Personal details
- Born: December 3, 1932 Southern Rhodesia
- Died: November 9, 2017 London
- Party: ZANU
- Profession: Politician

= Canaan Zinothi Moyo =

Zimbabwean politician

Canaan Zinothi Moyo (3 September 1932 – 9 November 2017) was a Zimbabwean politician, in the NDP and ZAPU, after which he fled into exile in Sweden.

==Early life==
Born in 1932, in his teens he worked as a carpenter and joined the African Artisans Union.

==Politics==
He then became the provincial chair of the National Democratic Party (NDP). In 1961, NDP was banned and was succeeded by ZAPU - he retained his post and became the provincial chair for ZAPU.

During the liberation struggle, he was imprisoned and detained from 1964 to 1971 before fleeing to Zambia and eventually assigned to be ZAPU representative in Sweden by Joshua Nkomo.

After independence, he along with other ZAPU colleagues were subjected to intimidation & unfair imprisonment by Zimbabwe African National Union charged with undermining the government.
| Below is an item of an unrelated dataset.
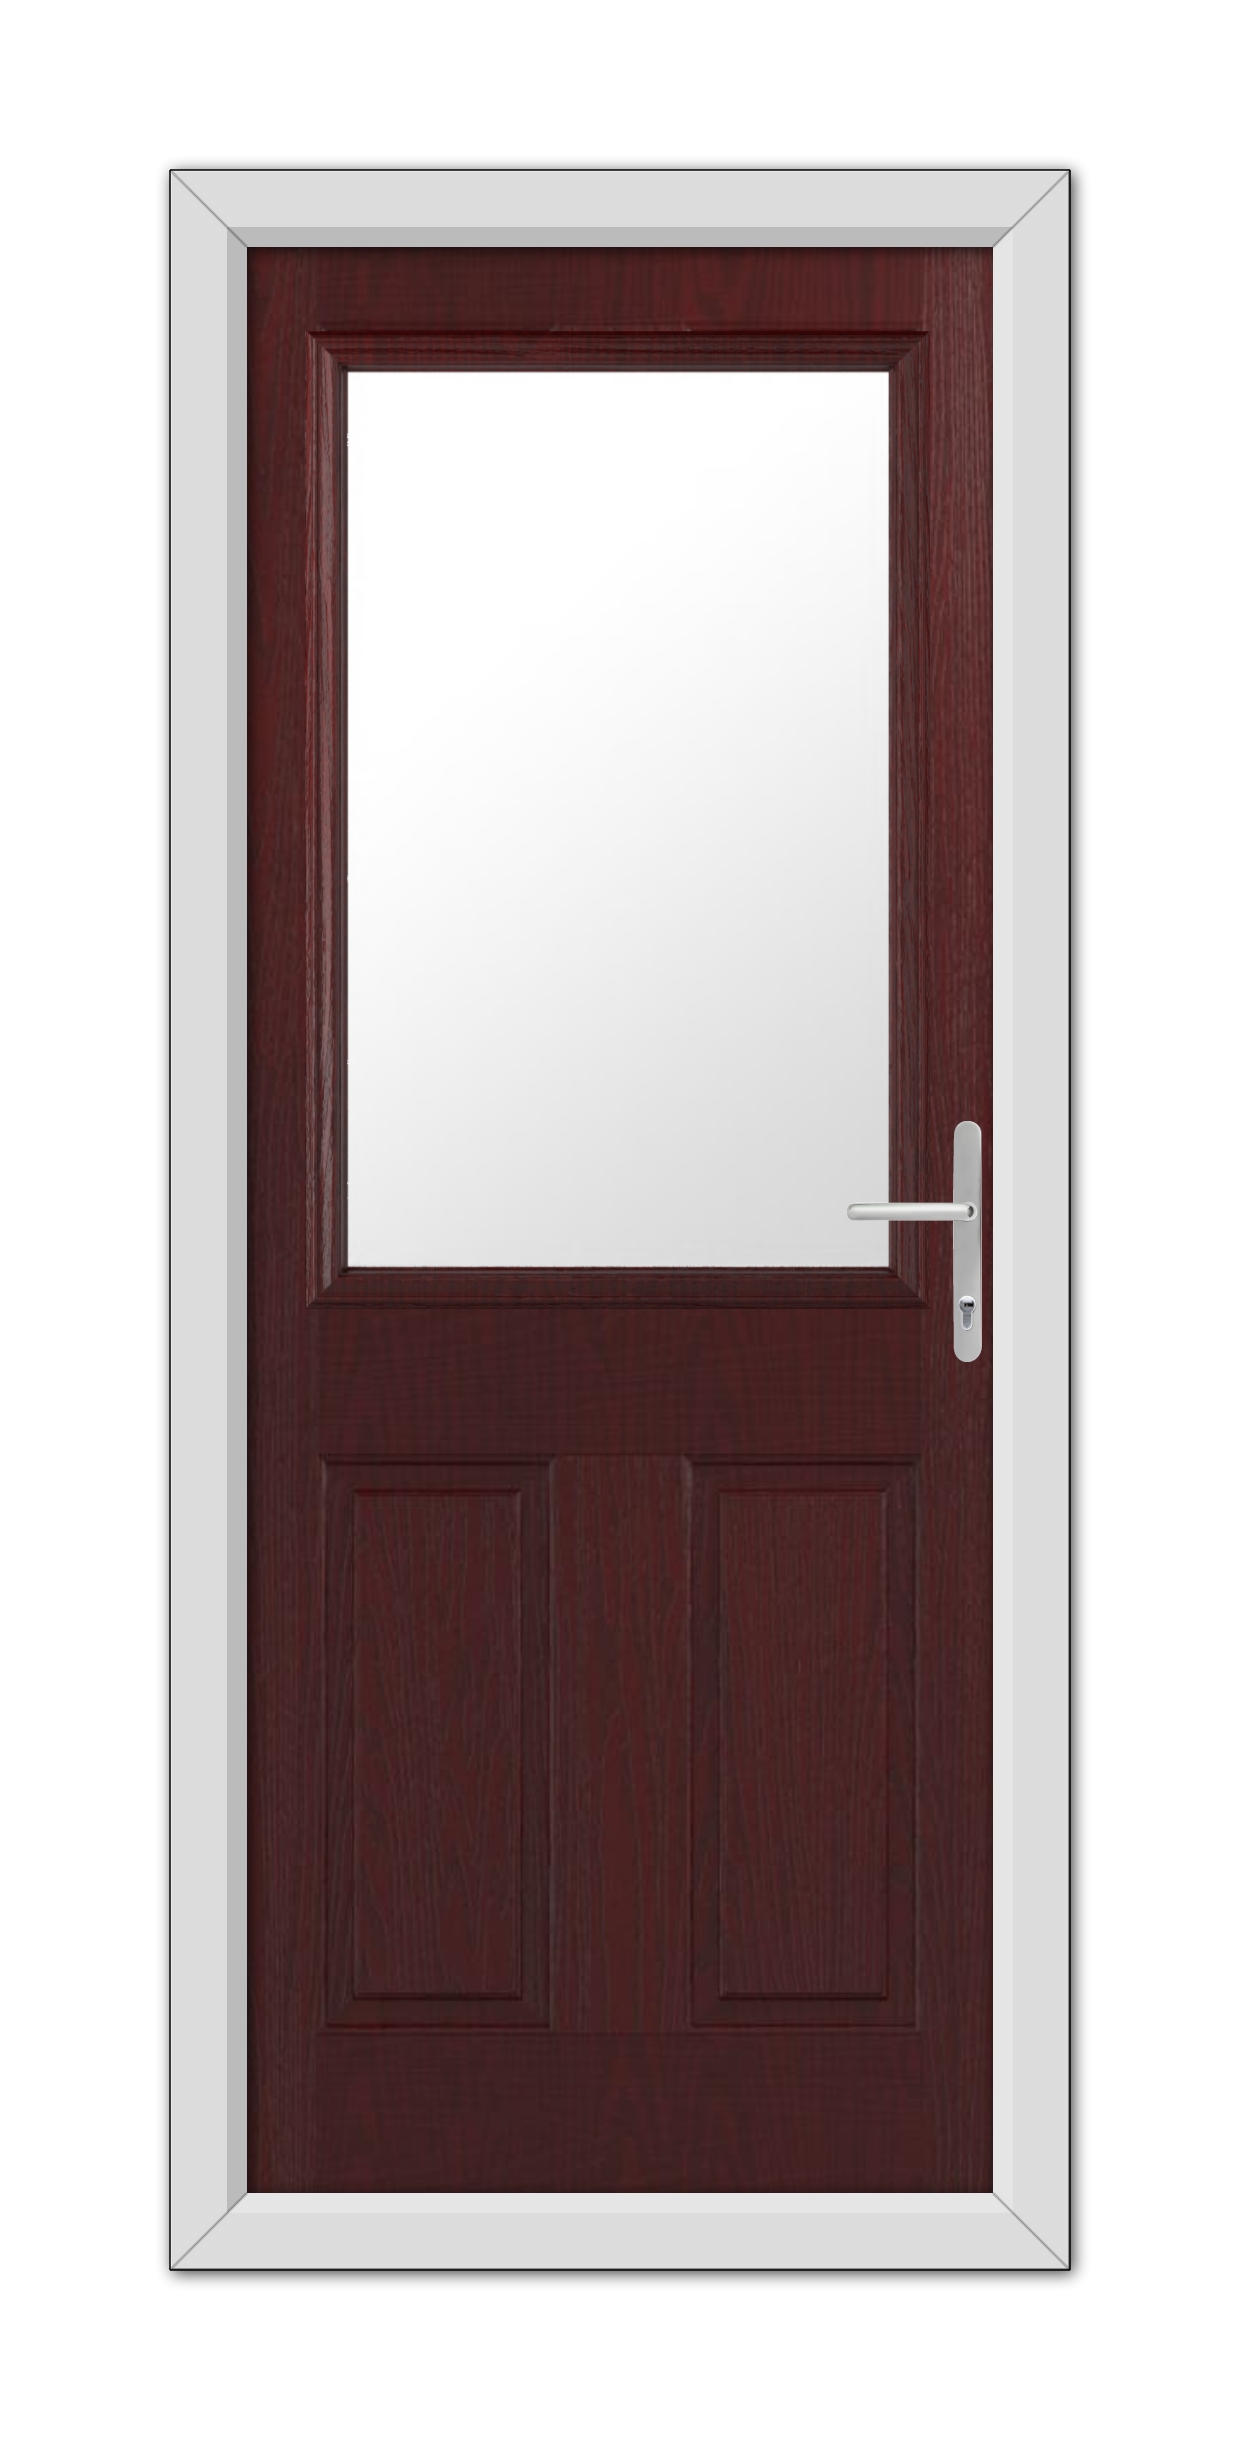 A Rosewood Buxton Composite Door 48mm Timber Core with a white frame, featuring a large rectangular window at the top and a metal handle on the right side.

When some of his ZAPU colleagues agreed to sign the Unity Accord in 1987, which saw most of them absorbed into ZANU, he did not join his colleagues & continued his fight against the government. He went on to form his own political party the Liberty Party of Zimbabwe and contested the 1990 elections where the party performed dismally.

Moyo would not join the newly set up Movement for Democratic Change and he migrated to the United Kingdom.